2.2. Behavioral Assessment

2.2.1. Staircase Test

Beginning on the day before, and continuing for the duration of the Staircase test period, animals were mildly food deprived (in order to increase interest for new food). After each training session, rats were provided with a measured amount of standard laboratory chow (15–20 g) to maintain approximately 85–95% of their free-feeding weight. Three weeks before surgery (5 days per week), rats were trained to reach sucrose pellets (4.6 mm/65 mg ± 10%) in Staircase boxes (2 trials per day, 15 min each trial) [25]. This test provides a sensitive measurement of independent forelimb skilled reaching [25, 26]. Rats that did not obtain an average of 14 pellets with at least one limb over the final 2 days of training (baseline measure) were excluded from the study.
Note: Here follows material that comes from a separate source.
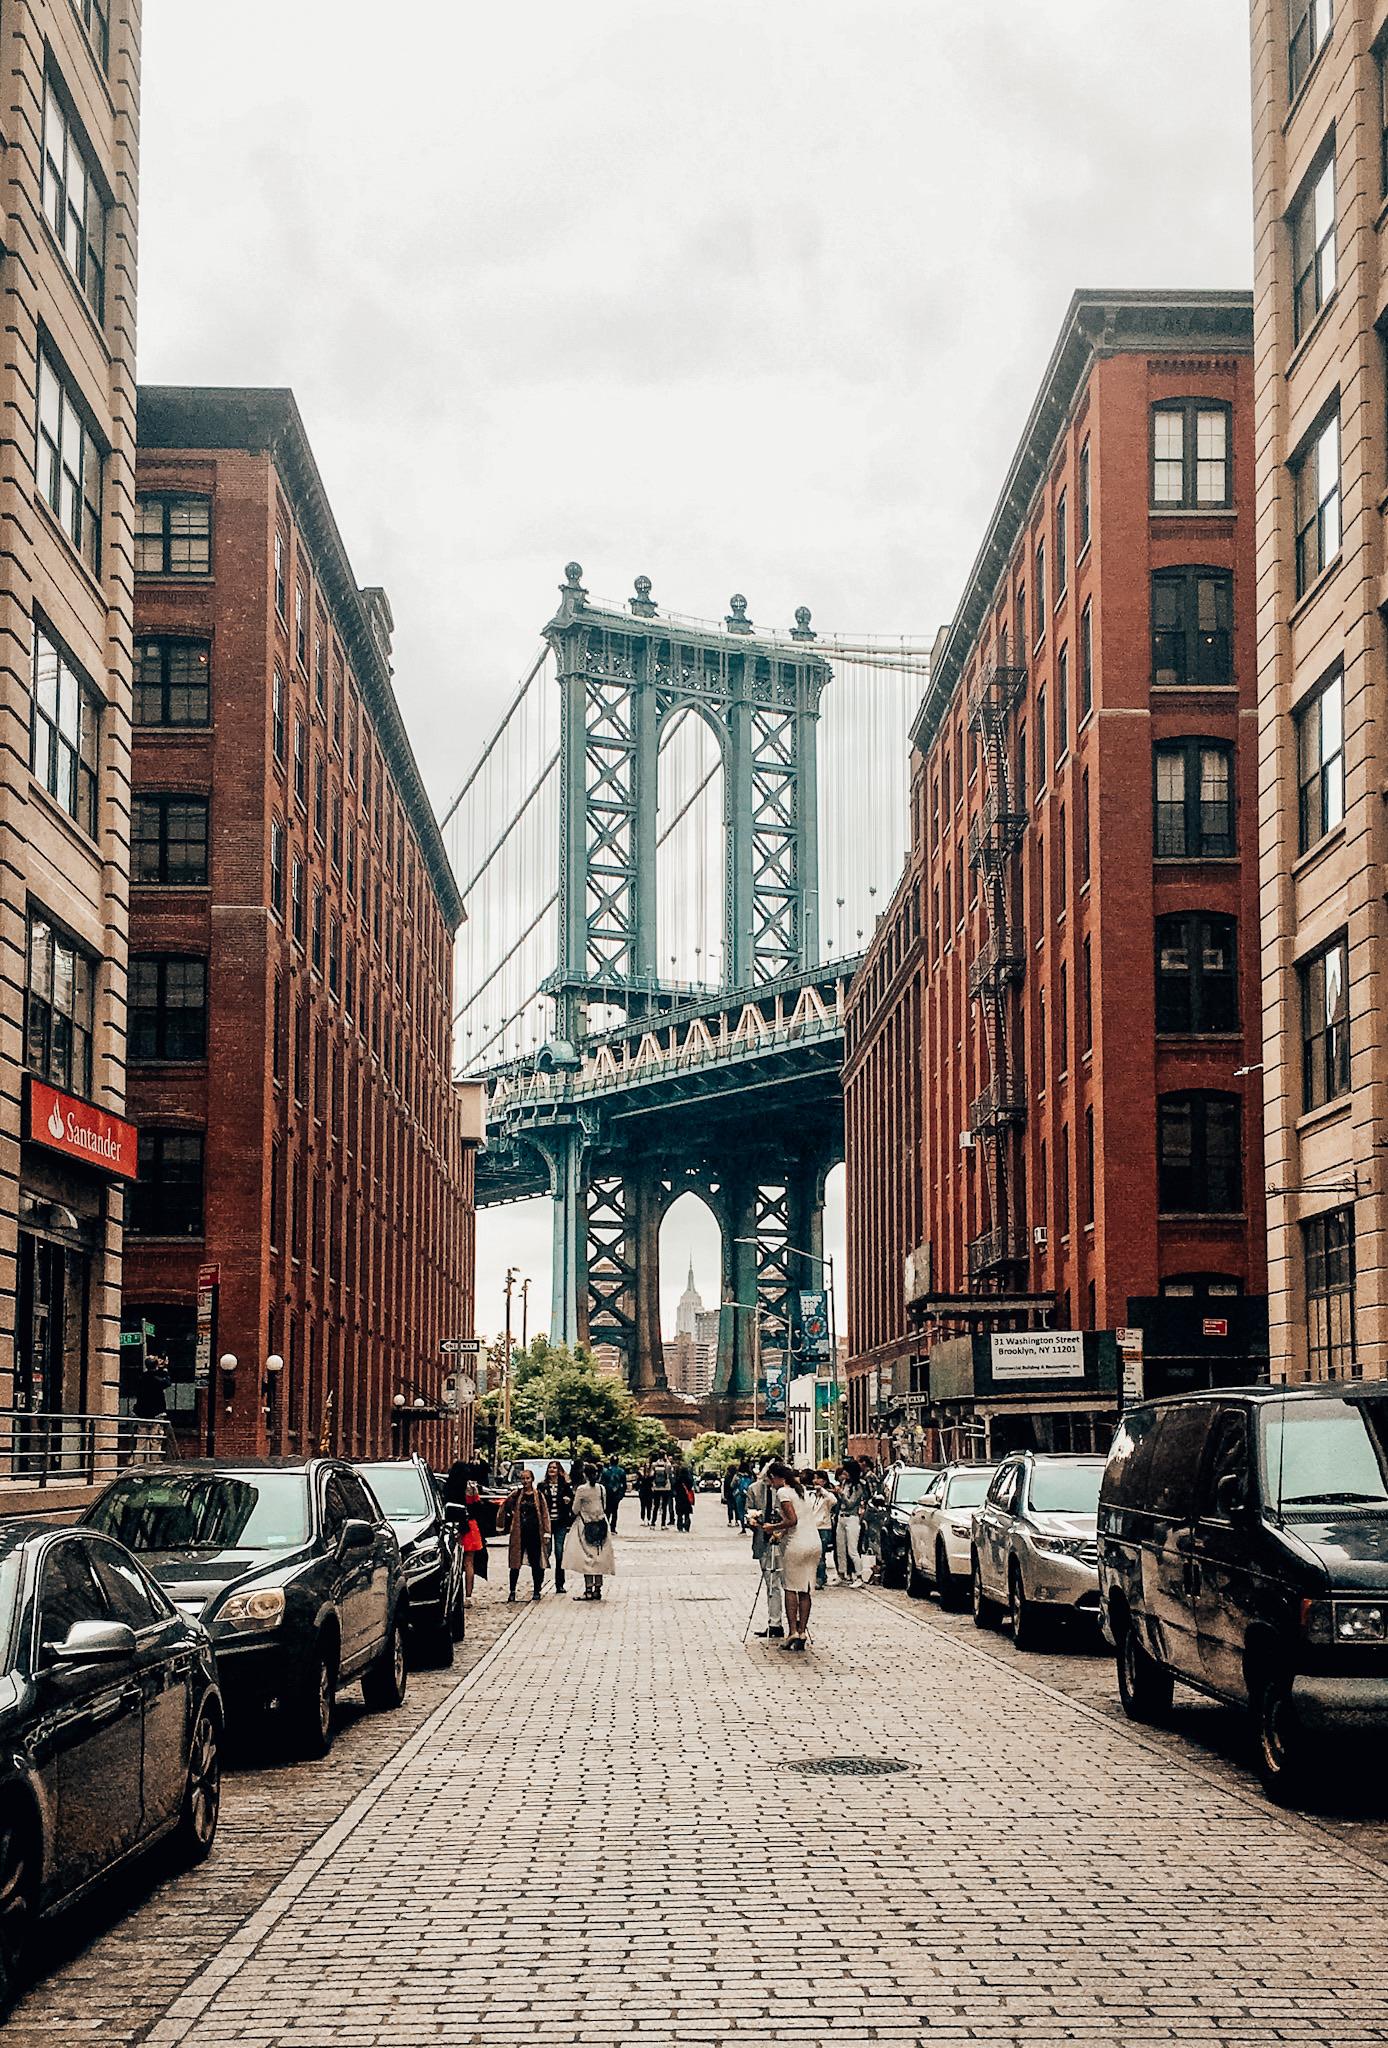 Washington Street in DUMBO with a view of the Manhattan Bridge

Pellets from third to the seventh degree were colored differently to enhance the quantitative discrimination of the skilled reaching [27]. Testing sessions consisted in 4 trials (two trials per day with at least 4 hours interval, 15 min each) conduced before (baseline) and after surgery (postsurgery, week 2 and week 4).

2.2.2. Intracerebral Hemorrhage Surgery

Animals were anesthetized with 4% halothane in 30% oxygen and 70% nitrous oxide and maintained in a stereotaxic frame with 2% halothane for ICH surgery. A midline incision was made in the scalp, and a burr hole was drilled in the skull 3.6 mm lateral to Bregma. Surgery side was contralateral to the preferred paw, which was determined according to Staircase evaluation (baseline). Then, a 26-gauge needle (Hamilton, Reno, NV, USA) was inserted 6.0 mm deep into the hole, and 0.2 U of bacterial collagenase type IV (Sigma-Aldrich, USA) diluted in 1.0 μL saline buffer was infused into the striatum [28] over 5 min. The needle was kept in position for an additional 5 min and then slowly removed to prevent backflow. In sham surgeries, collagenase was replaced with sterile saline. Body temperature was maintained between 36.5°C and 37.5°C throughout the surgery using a self-regulating heating blanket (Letica, Spain). A local anesthetic (Lidocaine, 3M, Brazil) was applied to the wound at the end of surgery. Animals were allowed to rest during 4 days after sham or ICH surgeries.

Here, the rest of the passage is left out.